WHAT NEEDS TO BE DONE | Only the lines from the one holding "A half sleeve" through the end of the material are to be repeated, exactly and without pictures.
GIVEN INFORMATION START
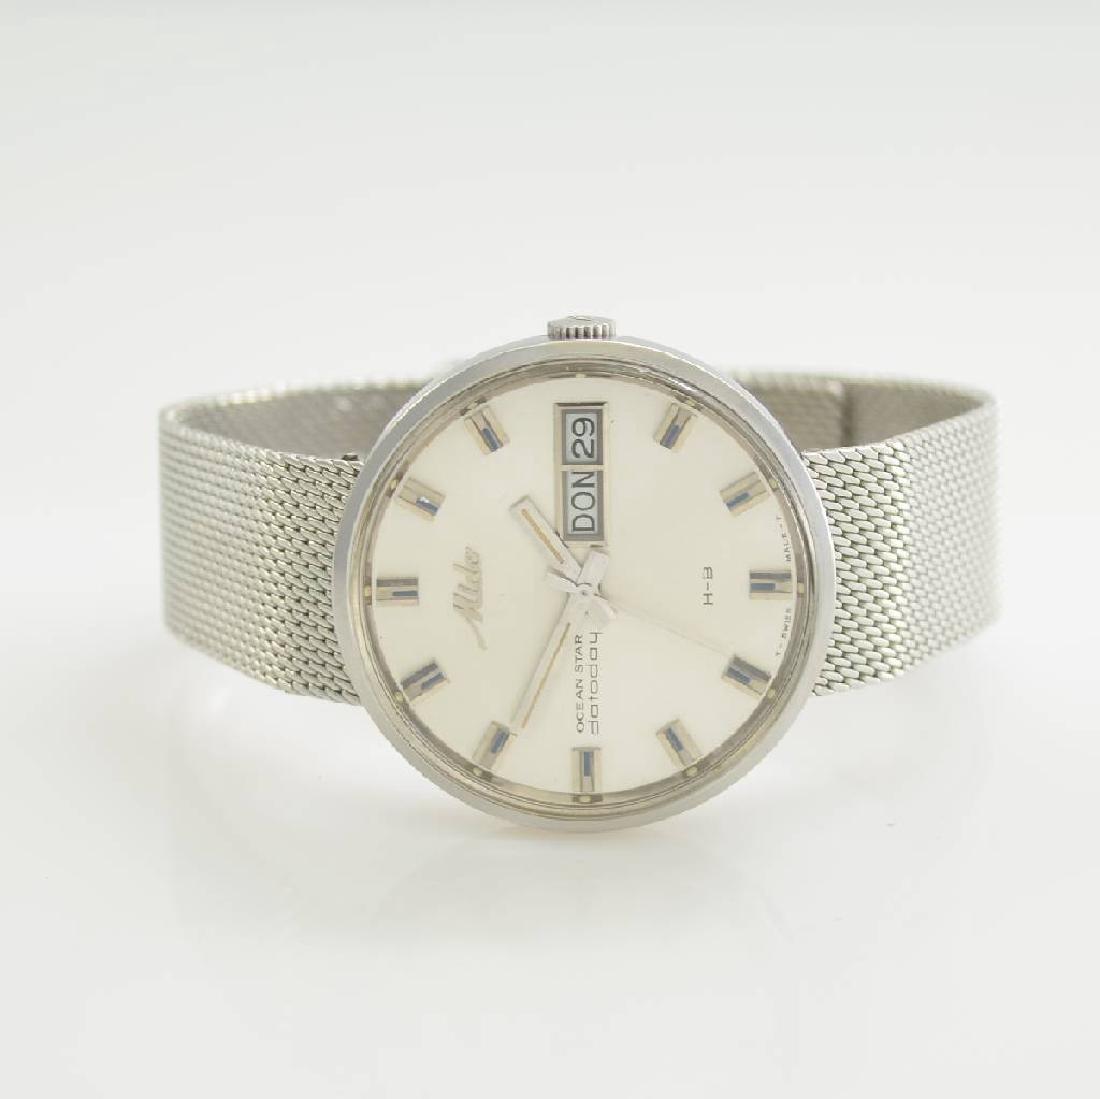 MIDO Ocean Star datoday gents wristwatch H-B
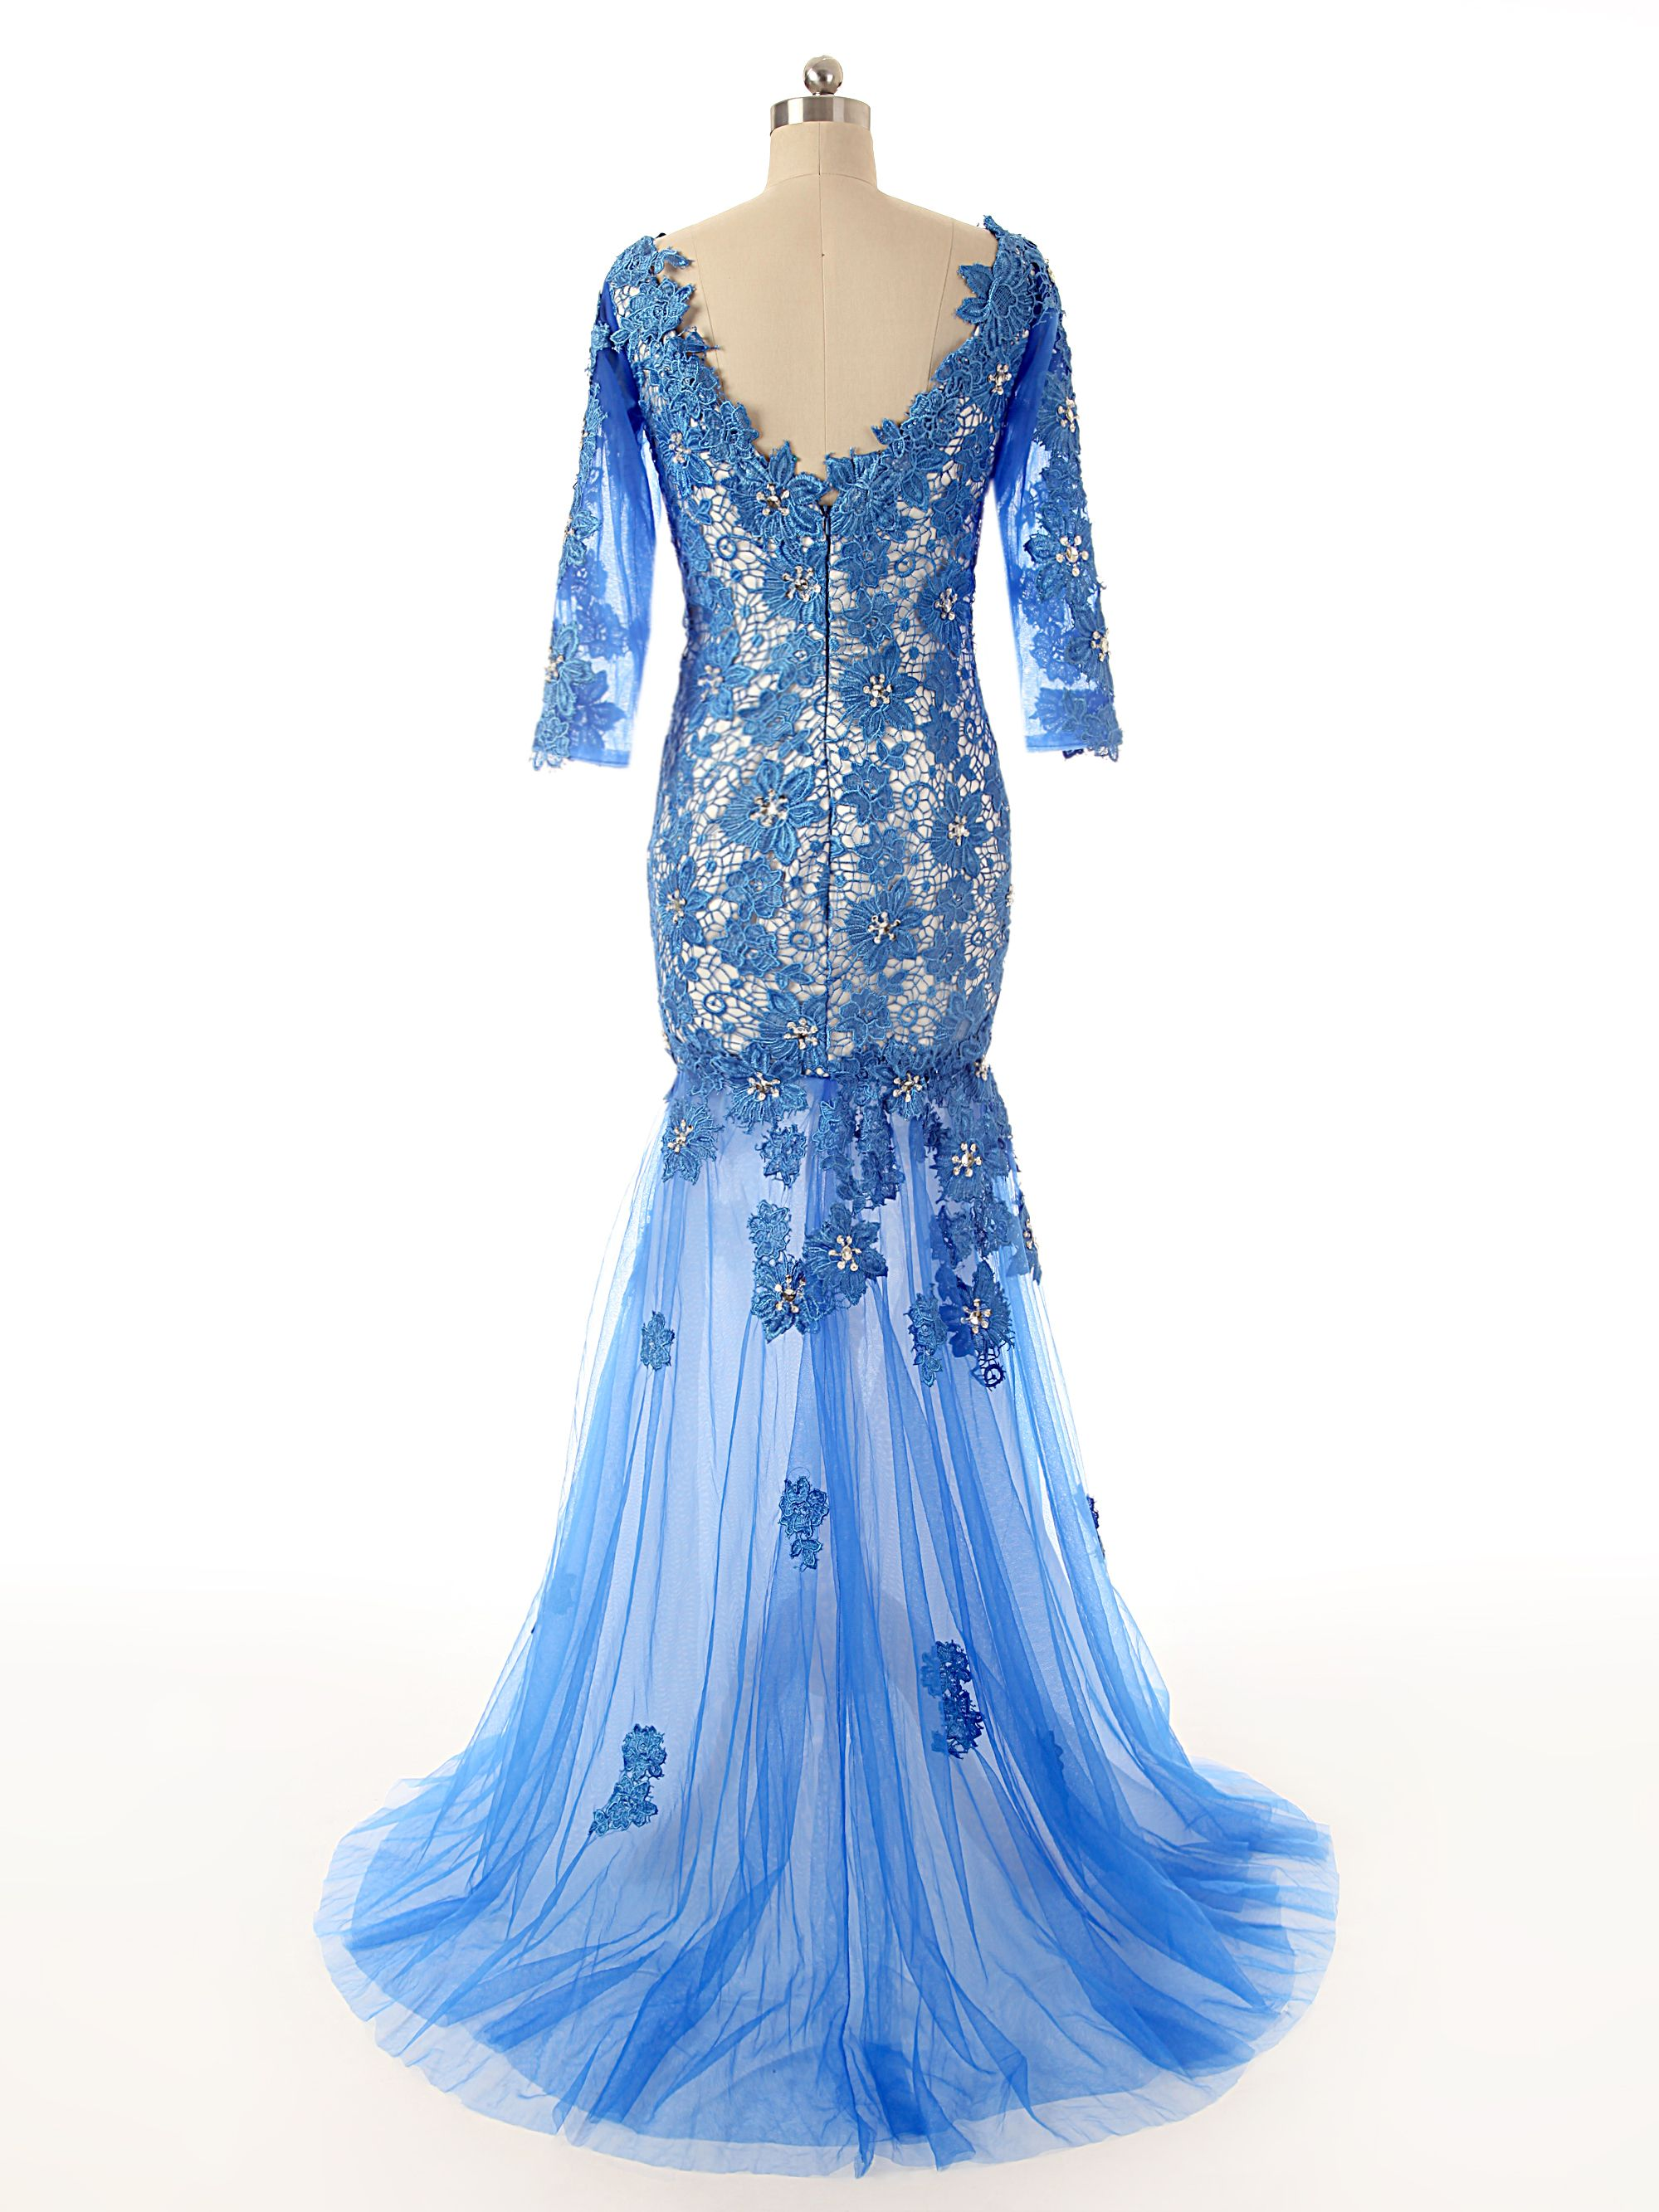 A half sleeve sexy seethrough mermaid evening gownslace
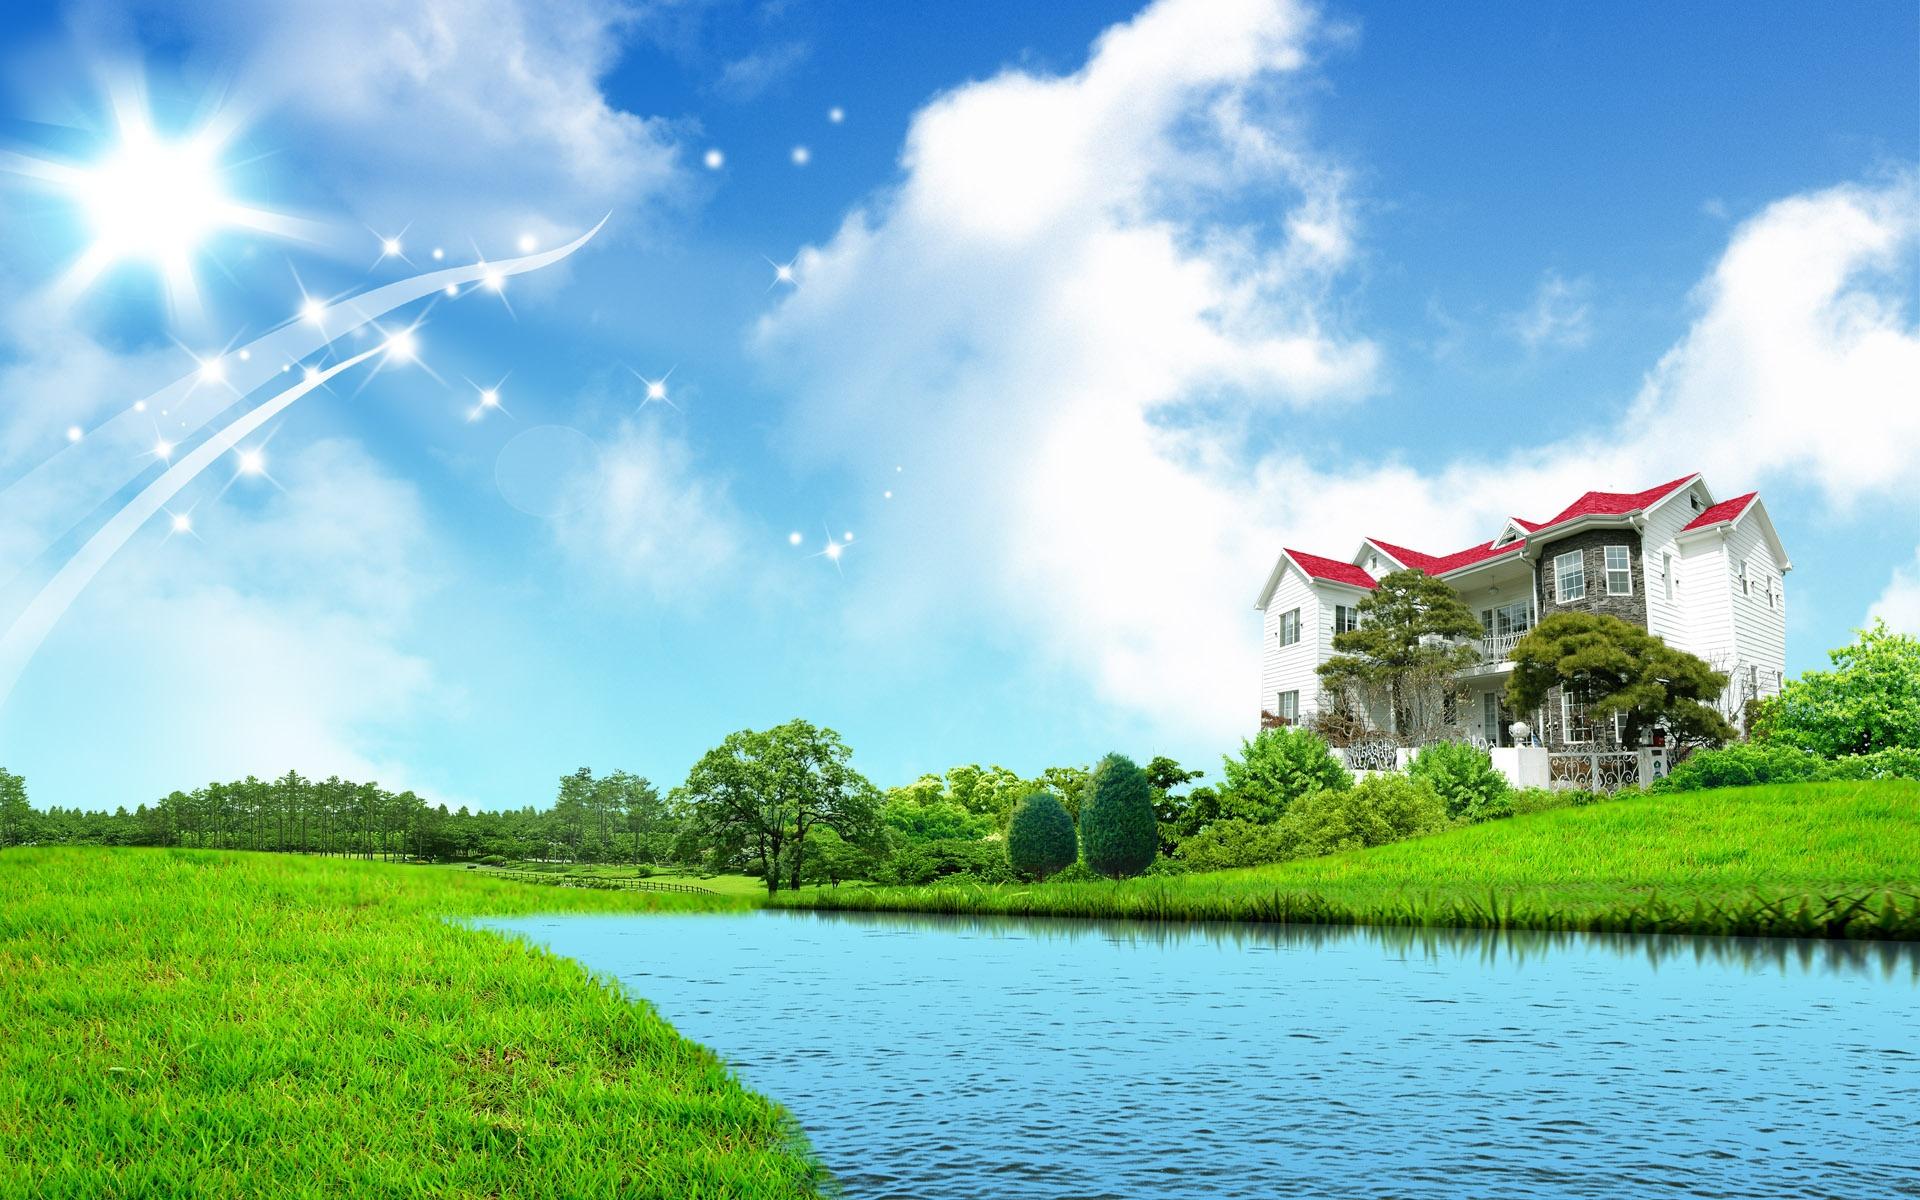 Картинки природа для фона дома
GIVEN INFORMATION END
PROBLEM SOLUTION |
 A half sleeve sexy seethrough mermaid evening gownslace
 Картинки природа для фона дома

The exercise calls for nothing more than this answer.